Each of the subject cities has a story to tell of its janus-faced relationship with the West. St Petersburg is perhaps the clearest, with Peter the Great returning from his travels across Europe in the early 18th century with a passion to create a brand new city of learning and trade, facing west towards the Atlantic rather than back towards Siberia. Of course, to create this beautiful dream required the nightmarish toil of multitudes of serfs, still living a feudal life that hadn’t existed in the west for hundreds of years. In future generations, leaders as diverse as Catherine the Great, Stalin and Vladimir Putin would turn alternately towards and away from the West as they hacked their way through history.

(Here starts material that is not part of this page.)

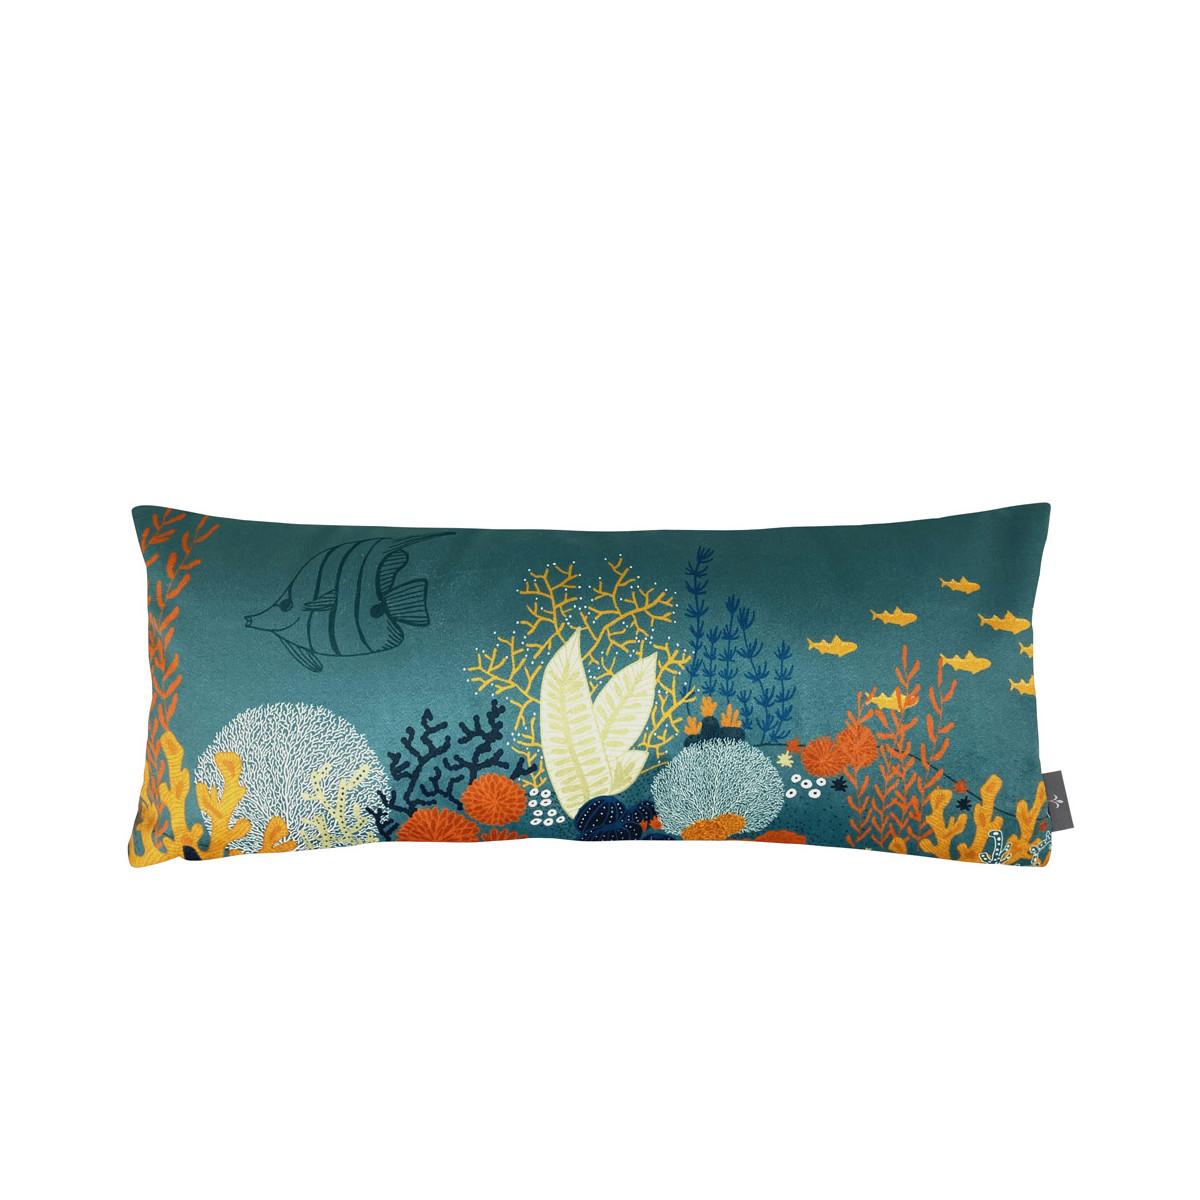 Coussin imprimé la jungle marine bleu 25x60

Brook tells an excellent story, with an admirable desire to speak about all people. From tsars and sheikhs to serfs and coolies, not to mention many architects, the experience of life in these hybrid cities is vividly conveyed. A major theme is the way local elites reckoned with their conflicted identities. For example, in 19th century India, condescending British imperial ‘improvement’ created an educated class of Indians who were forbidden to exercise any form of self-determination. In Shanghai around the same time, a lawless cosmopolitan capitalism meant anyone could hope to make a fortune in the grey area between opium running and more ‘legitimate’ trading.

 

Credit: Daniel brook

Mumbai offered a different future when the University of Bombay was built: colonial improvement.

Against those who in the last decade breathlessly proclaimed Dubai’s urbanism to be without precedent, Brook teases out numerous conditions common to all the cities, whether hubristic land reclamation projects, pastiche buildings by architects who’d never visited, the suspension of laws to facilitate trade, or the collective lunacy of property bubbles. While sometimes too generous to the vulgarity of exploitative elites both Western and local, Brook is frustrated by the condition of all four cities, still seemingly trapped in the economic, political and existential problems of their past. 

The work with which this book has most affinity is Marshal Berman’s 1982 All that is solid melts into air. But Brook’s work lacks a sense of modernity as rupture. For Brook, modernity seems to be about cosmopolitanism, the complex mixing of disparate cultures through trade. But if that’s true, there’s no reason to exclude pre-modern Venice or even ancient Rome from his schema. Avoiding a dialectical approach allows Brook to make mistakes such as favouring Art Deco over modernism, refusing to acknowledge what separates decorative luxury architecture in a modern style from a universalist aesthetic response to the new world of Fordism and total war. Despite this, there is much to enjoy in this timely and accessible contribution to our debates on the future of the city.